Canada will embark on its second wave of cannabis legalization on October 17, when Health Canada legalizes the sale of cannabis edibles (food and beverages), extracts and topical products at licensed cannabis retailers. However, it will take until mid-December before only a limited selection of product becomes available, and regulations governing their sale will be strict. Edible products will require child-resistant packaging, plain packaging with limited use of logos and health warnings, and will have to be manufactured in separate facilities.
That’s par for the course, says Mathew Columbro, president and co-founder of Vindica Cannabis Corp, a strategic consulting firm for companies operating in the cannabis industry. “The path for Health Canada has always been very strict and then to become more lenient over time, once they see there aren’t issues.

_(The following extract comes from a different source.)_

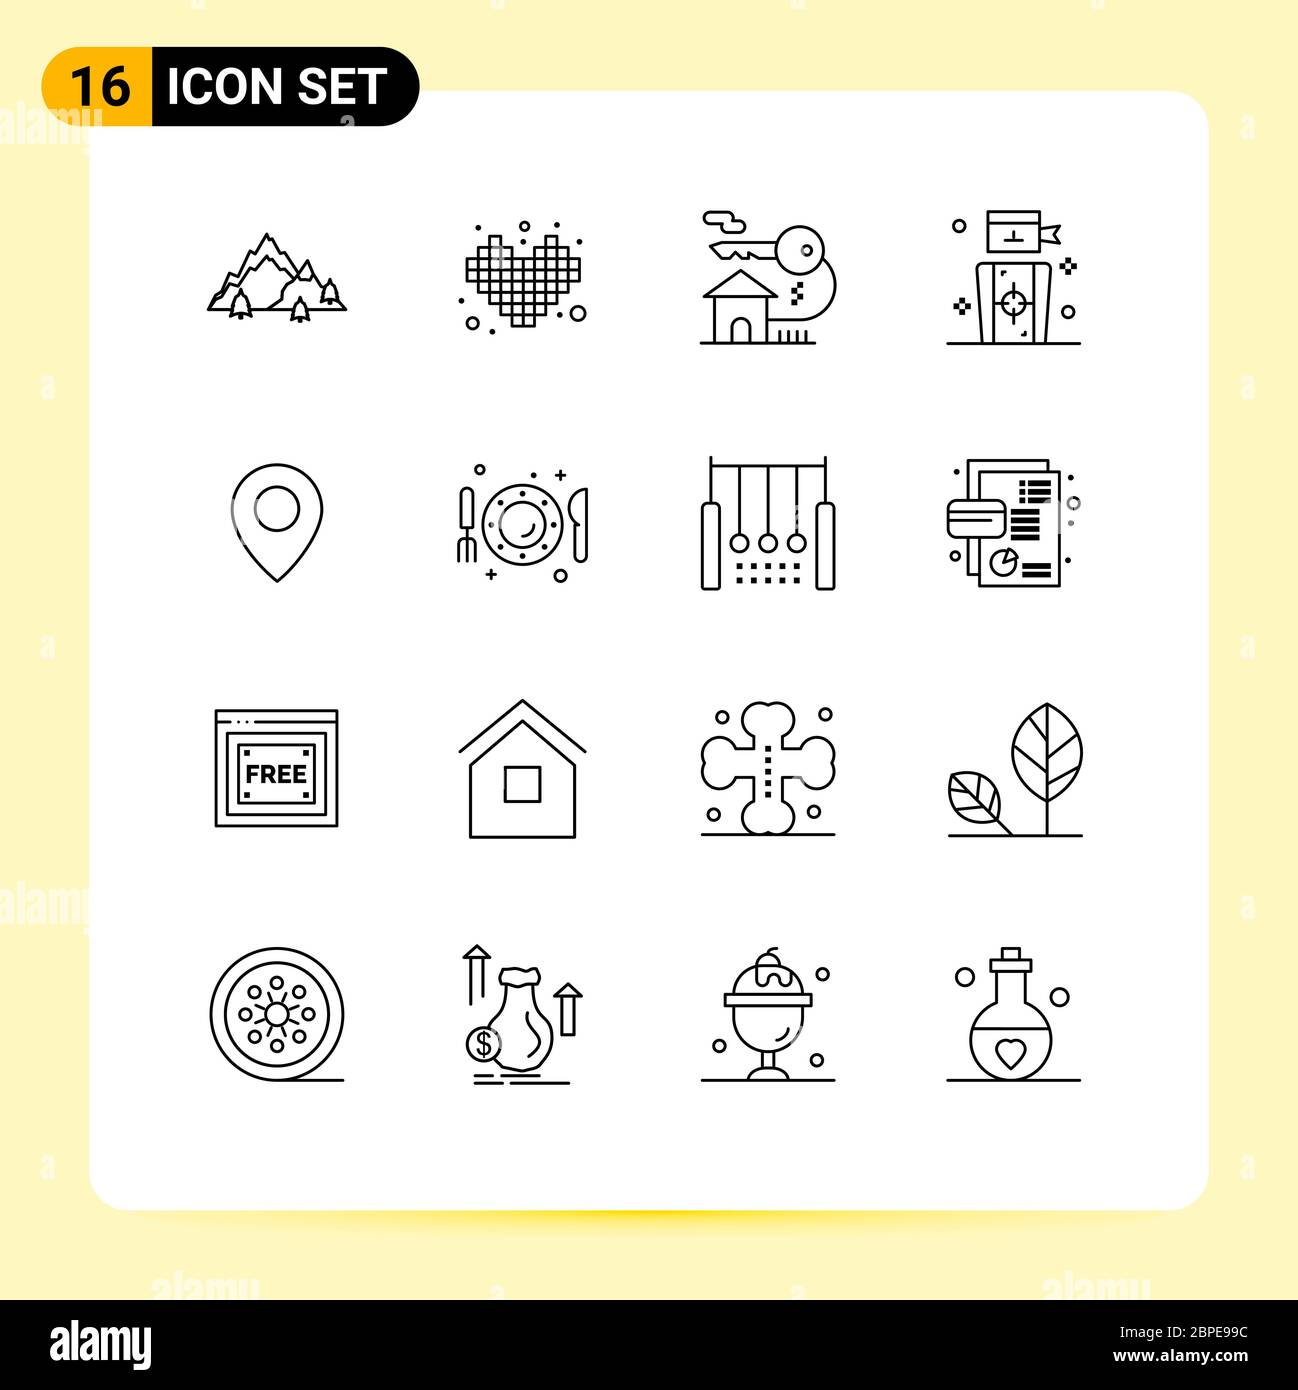 Universal Icon Symbols Group of 16 Modern Outlines of twitter, people, tetris, goal, key Editable Vector Design Elements Stock Vector

That’s where we are starting out with edibles,” he says. “But it’s a starting point. Things will get easier.”
Most Canadians will eventually try an edible product, says Sylvain Charlebois, professor in food distribution and policy at Dalhousie University in Halifax. That said, tough regulations may have dampened enthusiasm for edibles. A survey released by Dalhousie last May found nearly 36% of respondents said they would purchase legalized cannabis edibles, down from 45.8% in 2017.
When the Liberal Party ran on a platform of cannabis legalization in 2015, “it invited Canadians to a huge party with great music,” he explains. But the strict regulations that ensued were the equivalent of having the party moved to “some dodgy basement with lousy music.”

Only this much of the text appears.